Focus: Water Quality Restoration

Retrosilience is the study of retrofitting built structures or technology to be sustainable and resilient. Retrosilient Technology is retrofitting an existing piece of technology to become more resilient. One of the Institute’s first retrosilient technology development solutions will focus on regional water quality restoration..

Water quality protection has emerged as the leading environmental need and challenge for the Peconic region. Specifically, mitigating the impact of nitrogen pollution from household cesspools in the area’s bays, ponds, rivers, and aquifers. There are over 340,000 onsite septic systems in Suffolk County, representing 70-75% of the population’s domestic wastewater treatment (Peconic Green Growth 2012). It is estimated that more than half of these systems are functioning below optimal performance, or simply failing.

Research led by scientists at Stony Brook University’s School of Atmospheric & Marine Sciences (SoMAS) has clearly identified the link between nitrogen pollution emanating from household septic systems with reoccurring harmful algal blooms and the widespread loss of eel grass (Zostera marina). The widely publicized consequences of this pollution and resulting algae blooms include catastrophic damage to the shell and finfish populations, the occurrence of “dead zones in once bountiful and pristine marine habitats, and a reduction in natural protective barriers to coastal erosion and storm surge. In a region where the environment is the backbone of the local economy, failure to provide solutions that address the root causes of water degradation threatens the sustainability of the Peconics.

At present the availability of approved alternative onsite treatment systems that can meet recommended nitrogen standards is very limited. Additionally, the cost of system installation is approximately $30,000-40,000 per home, plus annual maintenance. Policy makers, homeowners, and environmental advocates are sensitive to the reality that such a cost is simply too great to require.
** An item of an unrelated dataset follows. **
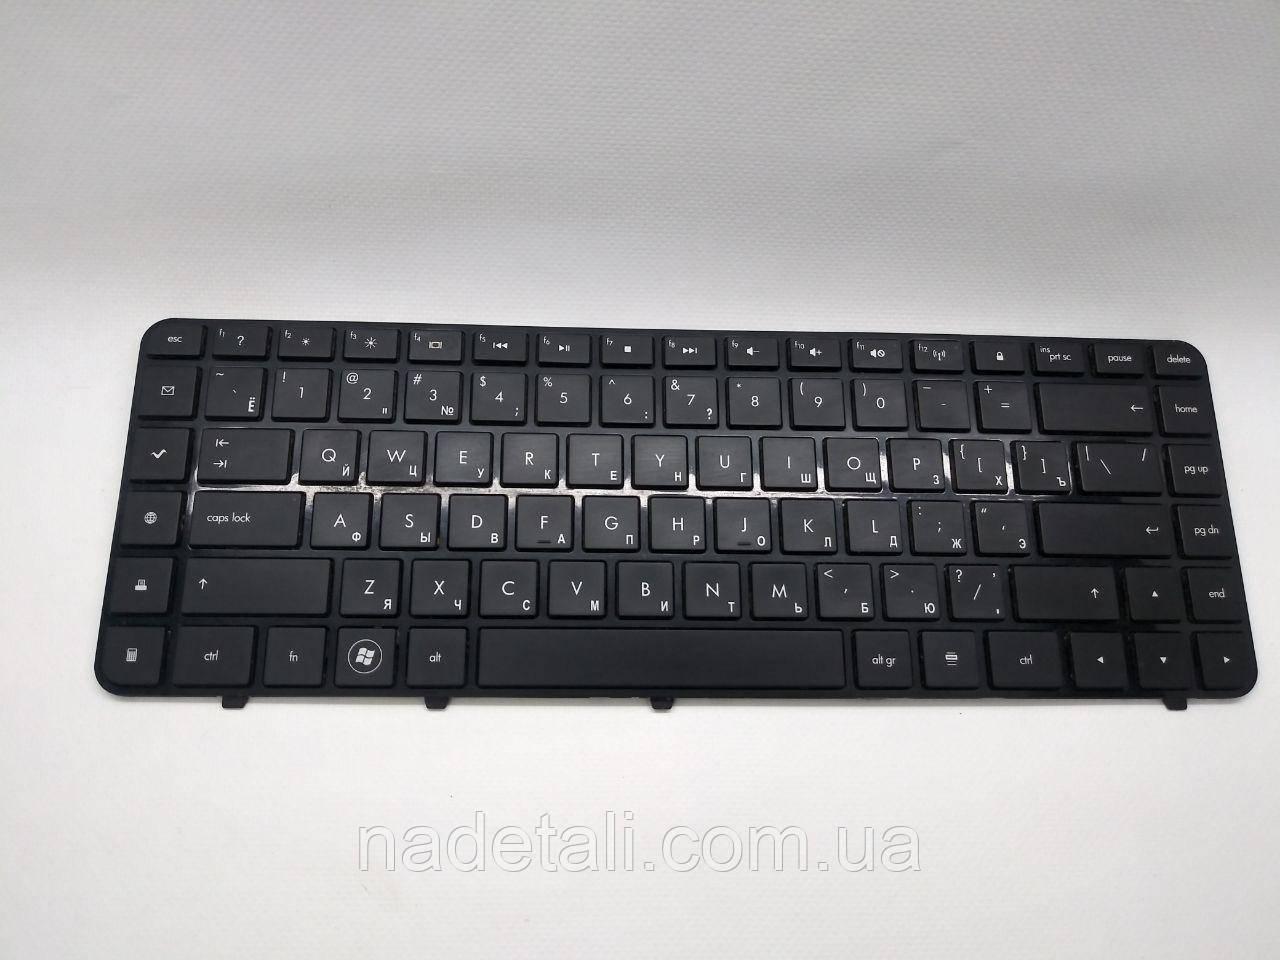 Клавиатура HP Pavilion dv6-3000 AELX8700310 606746-251

In simple terms, an affordable retrosilient technology is needed to retrofit or replace existing septic systems that can achieve adequate denitrification levels.

Role of the Institute

The Institute will utilize science, business, political, and community resources to:

  • Define the core criteria of technology or menu of technologies needed to adequately address nitrogen pollution emanating from household wastewater.
  • Generate community support for and investment in the effort to fund the development of retrosilient technology that meets the core criteria.
  • Launch a request for proposals and establish a “Competitive Challenge Grant” to design retrosilient technology or technologies that  meet the defined criteria – and attract top talent to answer the challenge locally, nationally, and internationally.
  • Fund the development of a proposed technology and rigorously test the resiliency of the technology.
  • Bring to market a proven retrosilient technology that will help play a role in restoring and protecting local water quality.